George Webster examined:—

“I attended the meeting at Bakery-hill on the afternoon of the 29th November, Mr. Hayes was chairman, and the prisoner was on the platform. He made a speech to the effect, that he had come 16,000 miles to escape tyranny, and they (the diggers) should put down the tyrants here (pointing to the Camp). PRISONER ALSO TORE UP HIS LICENCE and threw it towards the fire recommending the others to do as he did.”

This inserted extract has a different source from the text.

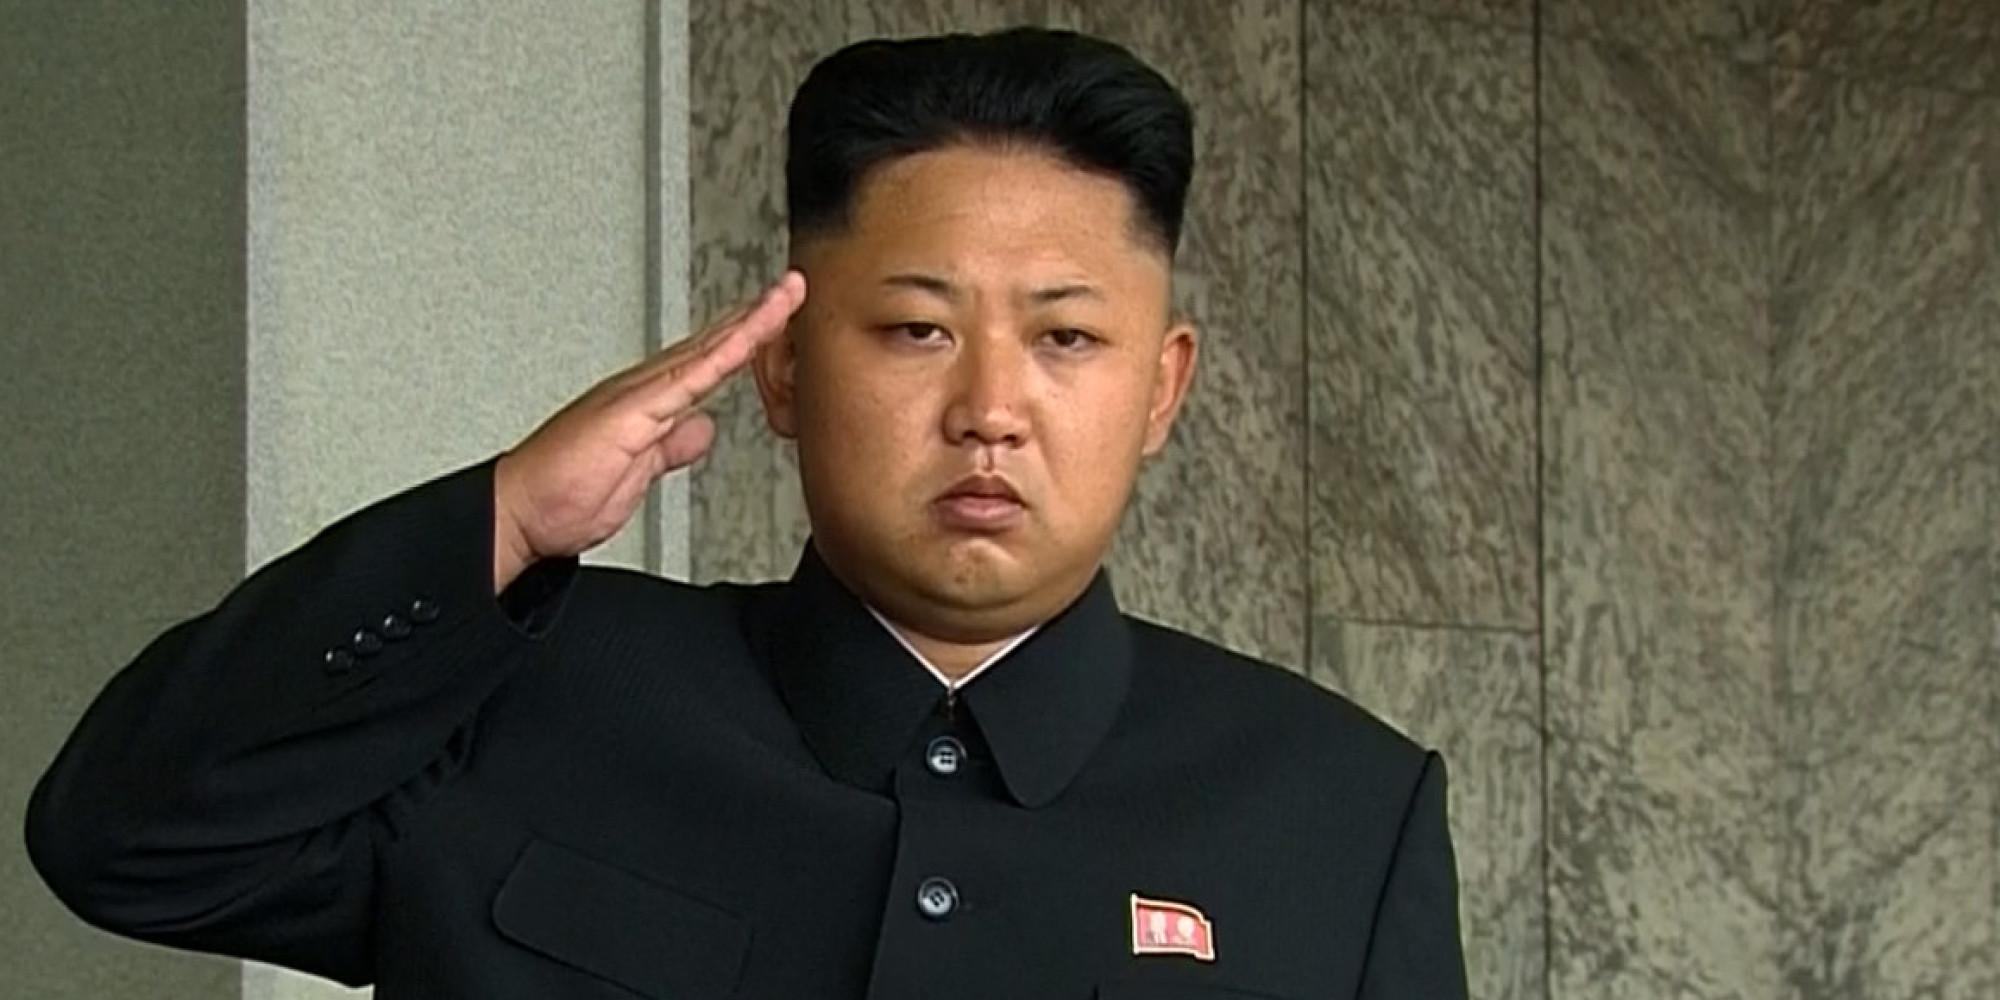 President Kim Jong-un - age: 34
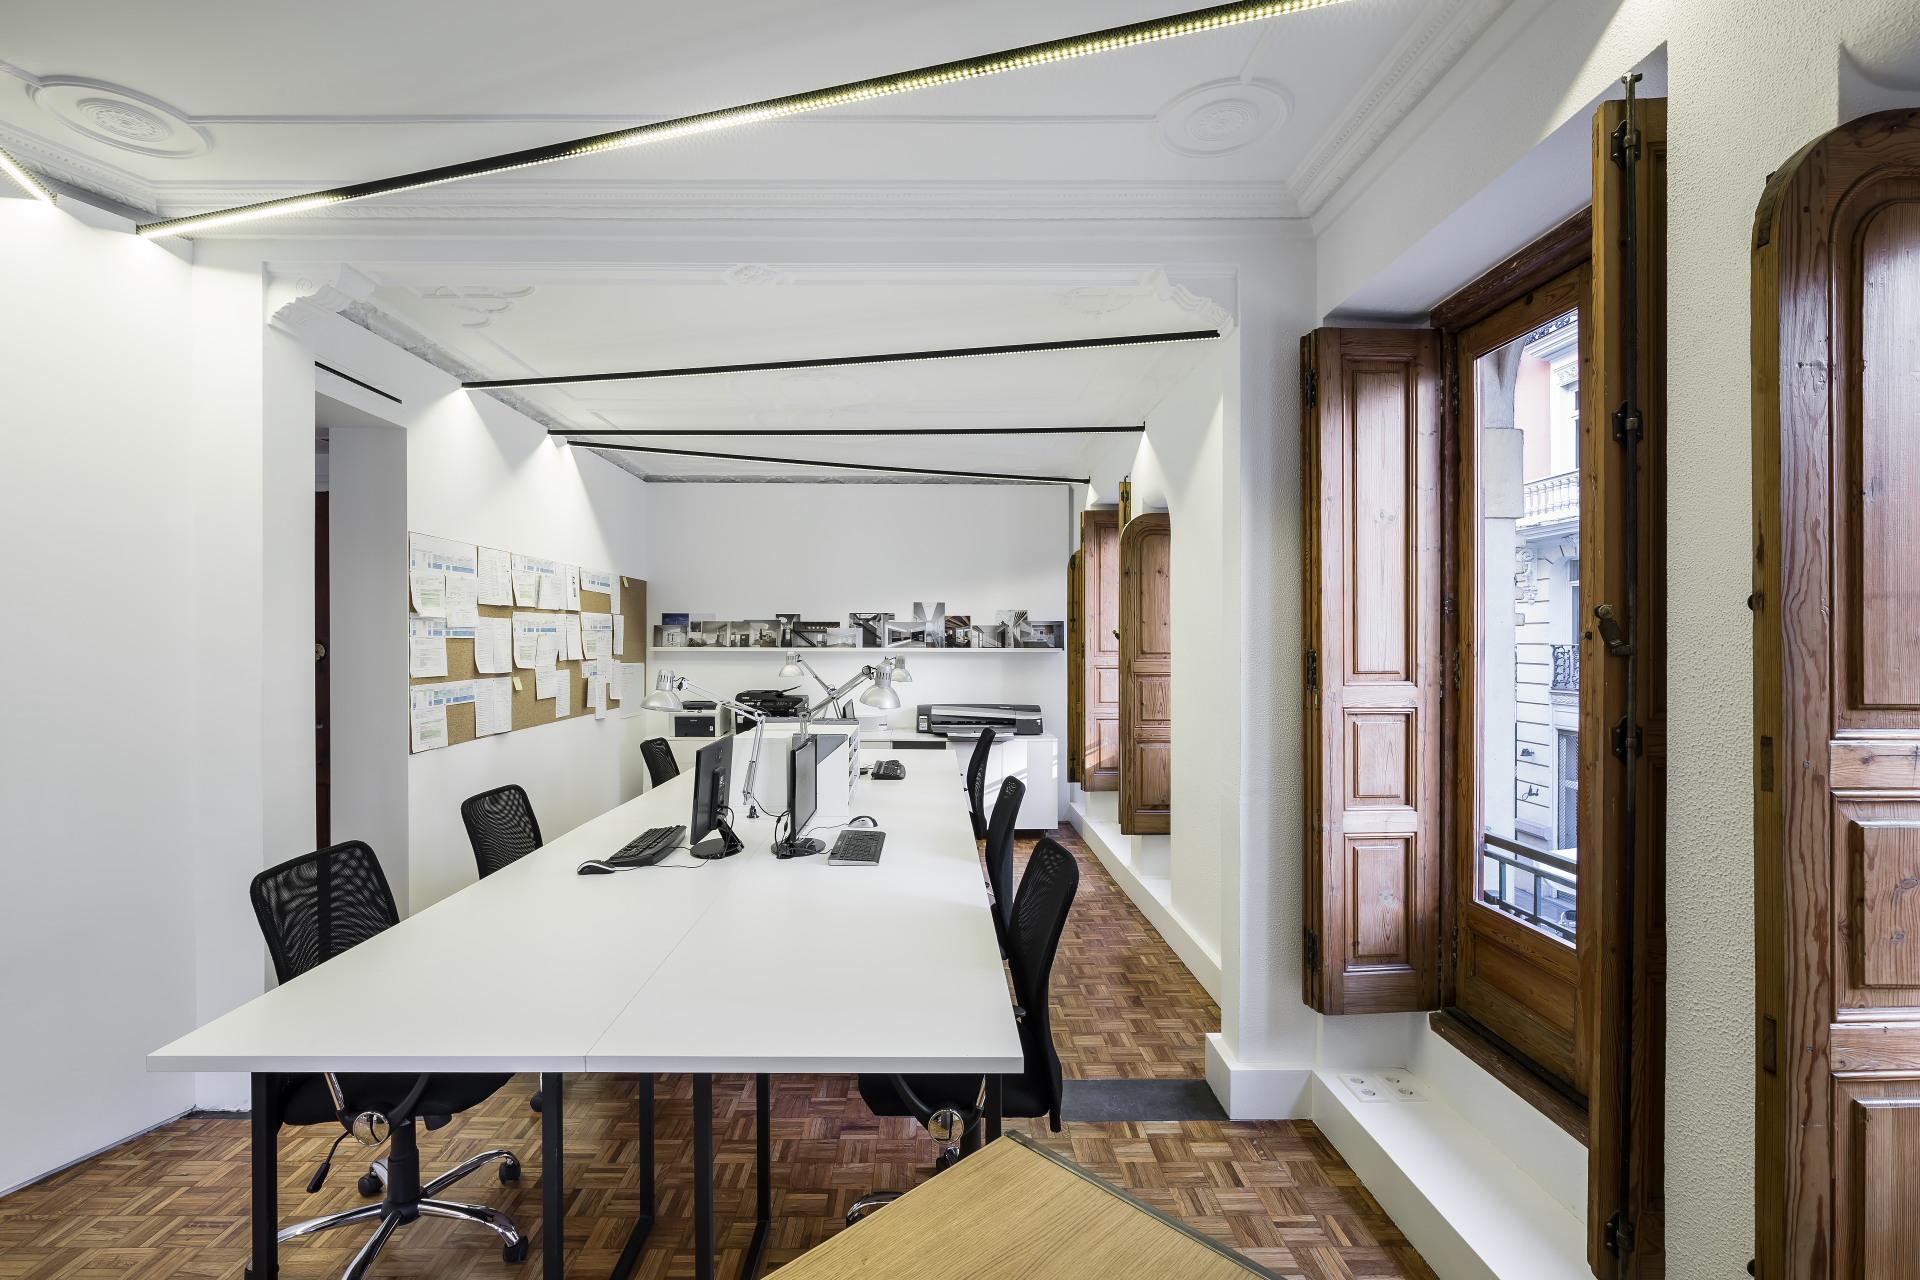 fotografia-arquitectura-interiorismo-valencia-german-cabo-viraje-estudio-pujol (5)

N.B. — At the next state trial of James Beattie, and Michael Tuhey, said witness George Webster, on his oath, was cross examined by Mr. Ireland, and stated:—

“Mr. Raffaello, was at the meeting on the 29th November.— (A gold licence was here handed to the witness.) — This licence is in the name of Carboni Raffaello, and the date covers the period at which the licences were burned.” — (Sensation in the Court!)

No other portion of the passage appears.